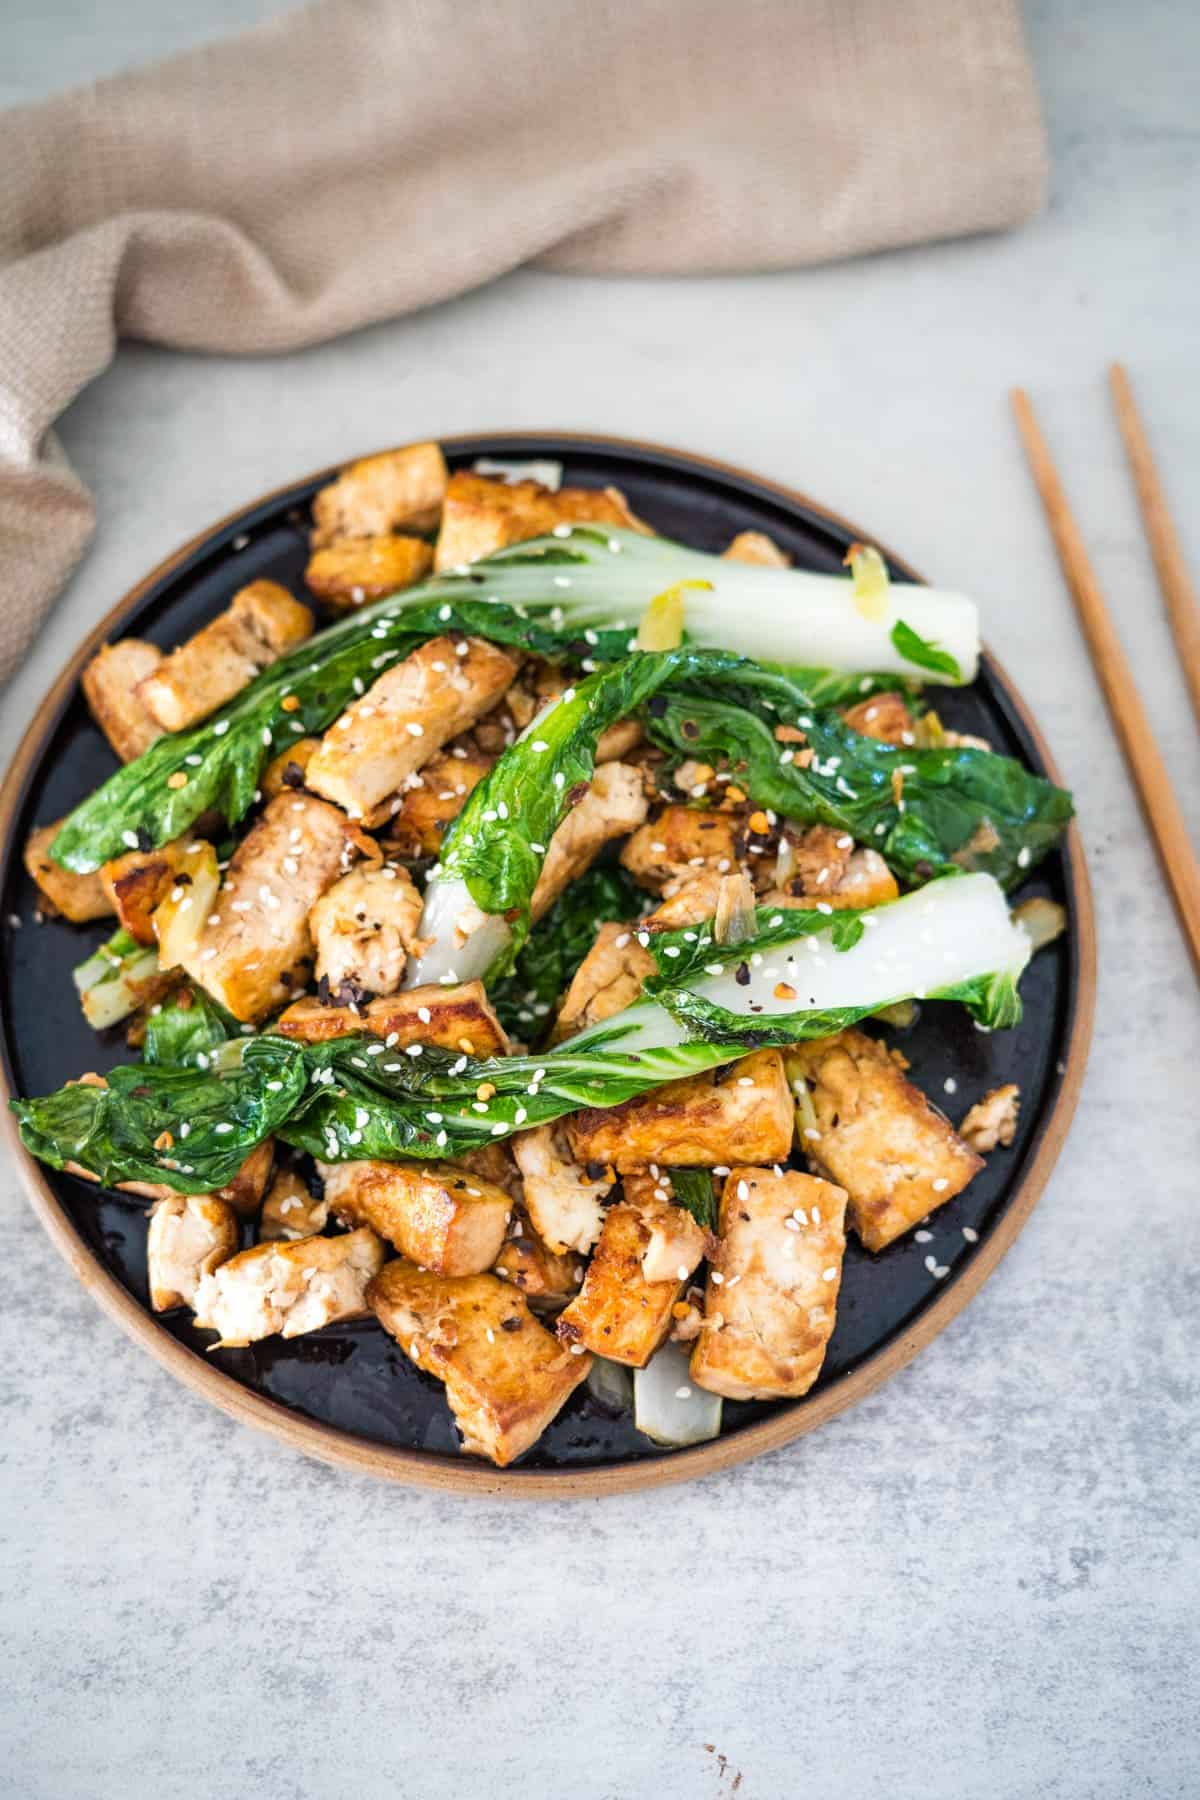 Tofu and greens on a plate with chopsticks.
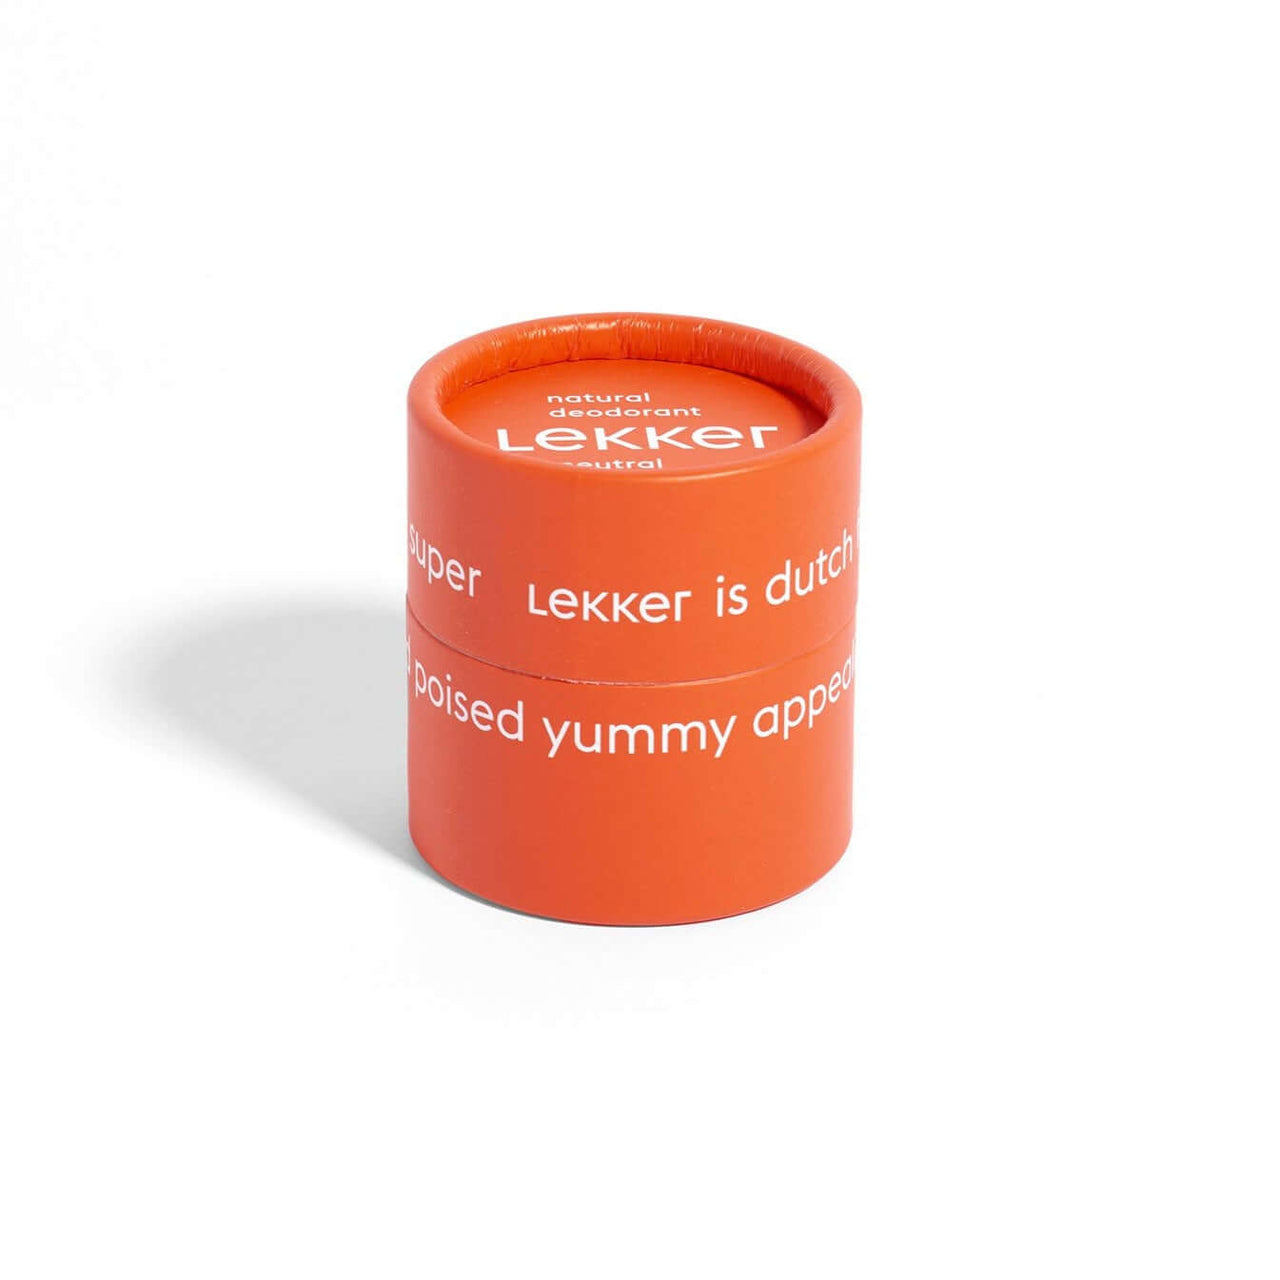 The Lekker Company Natural Deodorant NEUTRAL
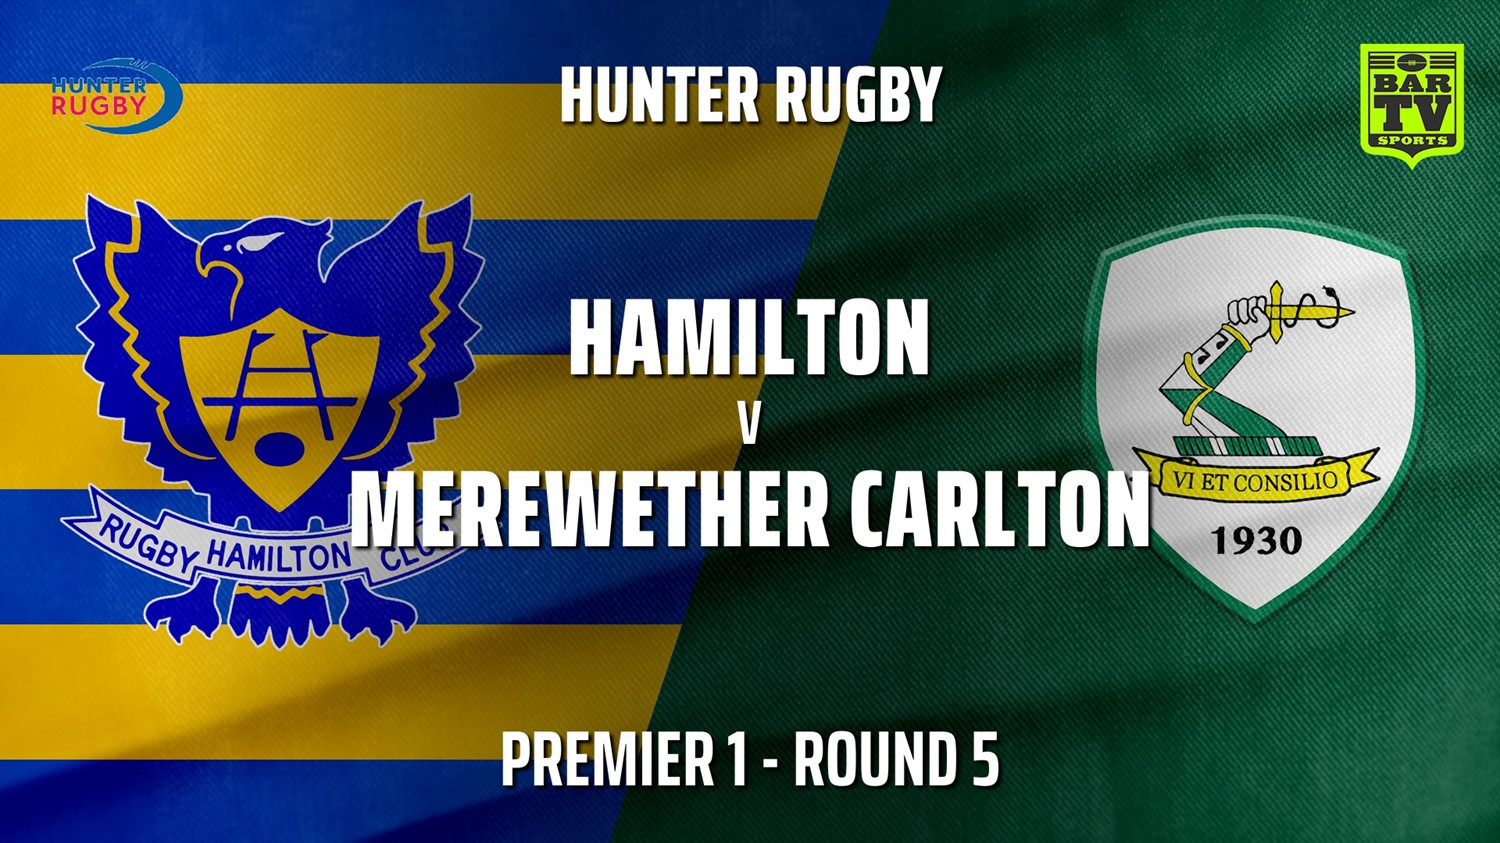 210515-HRU Round 5 - Premier 1 - Hamilton Hawks v Merewether Carlton Minigame Slate Image

§ **Your objective**: Transcribe exactly the portion of the material above that runs from the line containing "The Lekker Company Natural Deodorant NEUTRAL" through its last line, omitting all pictures.

§ **Answer box**:
 The Lekker Company Natural Deodorant NEUTRAL
 210515-HRU Round 5 - Premier 1 - Hamilton Hawks v Merewether Carlton Minigame Slate Image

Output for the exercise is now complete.